Seorang yang sederhana. Siap membantu sampai tuntas. Pribadinya kalem dan mengusahakan yang terbaik.
Tidak merepotkan. Tidak melibatkan diri dalam pembicaraan yang tidak perlu. Tidak pula pro pada kelompok-kelompok tertentu.
Ia bahagia bisa melayani hal-hal yang kecil di dalam paroki.
“Apa kabar Om?” awal kataku saat berkunjung ke rumahnya.
“Aduh Romo. Buat kejutan. Terimakasih atas kunjungannya. Silahkan masuk.”
Ia langsung memanggil isteri dan anak-anaknya.
Begitu saya duduk, si ibu berkata, “Romo, pingin minum apa? Kopi, teh atau apa? Yang hangat juga ada lo.”
“Apa itu?”
Ada uwuk. Tapi wine juga ada.”
“Uwuk aja kalau boleh.”
Selang berapa menit anaknya yang pertama, puteri, menyela. “Mo, ini ada ager-ager. Lagi belajar. Sedikit pakai gula. Rasain ya. Ada tuh satu loyang lagi yang rasa santen. Nanti dibawa ya.”
Adiknya yang laki-laki SMP berkata, “Mo sini dulu ta. Saya sedang pelihara ikan cupang. Bagus warnanya. Sebagian sudah saya jual. Pilih Mo, mana yang suka.”
“Kamu hobi ta?”
“Nggak juga Mo. Mengisi waktu. Saya hanya tertarik dengan warnanya. Bagus hasil silangan. Belajar dari buku.”
“”Wow hebat kamu. Bisa mengembangkan dan menghasilkan sesuatu.”
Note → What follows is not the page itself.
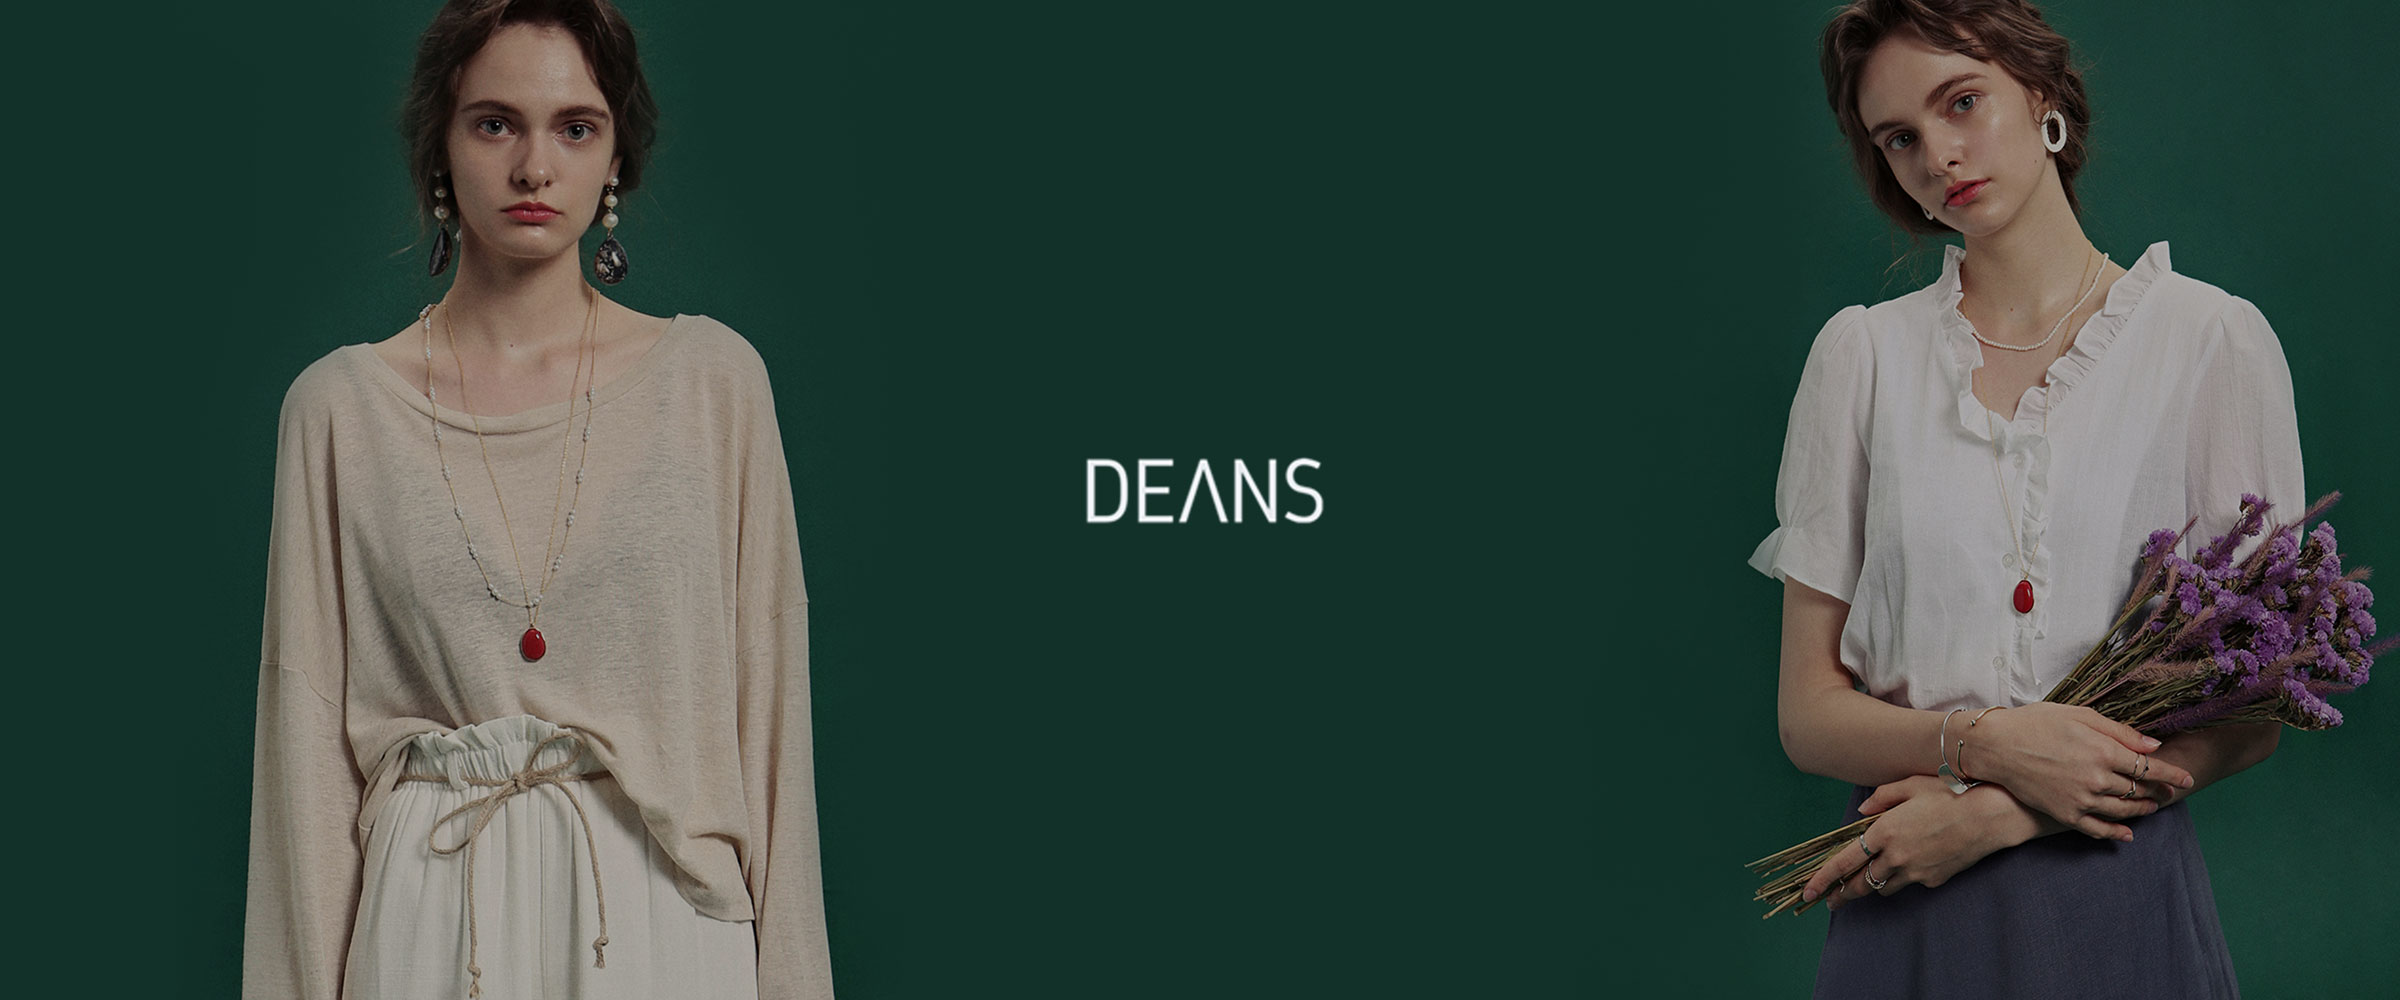 deans.jpg

“Iya. Tapi curang. Uangnya nggak tahu ke mana. Padahal modal dan lain-lain dari uang dapur.
“Ih Mami buka rahasia. Cie cie pernah minta.”
Pembicaraan terasa sederhana. Ada kedekatan dan kehangatan antara orangtua dan anak.
Tiba-tiba si puteri berkata, “Mo, ini kunjungan pastoral atau ada pembicaraan khusus ke papa atau mama?”
“Kenapa gitu? Nggak ada yang rahasia sih. Berkunjung saja.”
“Duduk, Mo,” kata si bapak.
Kami pun duduk bersama. Hal yang menggembirakan, mereka semua duduk bersama. Berkumpul dan berbicara bersama. Kami menikmati apa yang ada bersama. Suasana kekeluargaan dan keakraban sangat terasa.
“Iya, Romo datang berkunjung pertama-tama tentu mengenal keluarga lebih dekat. Beberapa kali Romo melihat bapak dan ibumu tidak sungkan-sungkan mengambil sampah yang dibuang sembarangan. Memasukkannya ke tong sampah.”
“Enggak jijikkah? Bahkan romo melihat ada potongan roti.”
“Ya, Romo, risih aja jadinya. Sampah dibuang sembarangan. Pemandangan juga tidak baik. Spontan saja,” kata si bapak.
“Juga ibunya. Kalau sedang bebersih di depan, menyapu melewati batas tetangga. Yang melegakan, pembantu tetangga pun melakukan yang sama. Kami bertetangga baik.”
Yesus berkata, “Memang Elia akan datang dan memulihkan segala sesuatu dan Aku berkata kepadamu: Elia sudah datang, tetapi orang tidak mengenal dia, dan memperlakukannya menurut kehendak mereka. Demikian juga Anak Manusia akan menderita oleh mereka.” ay 11-12.
Tuhan, semoga kami peka akan kehadiran-Mu. Amin.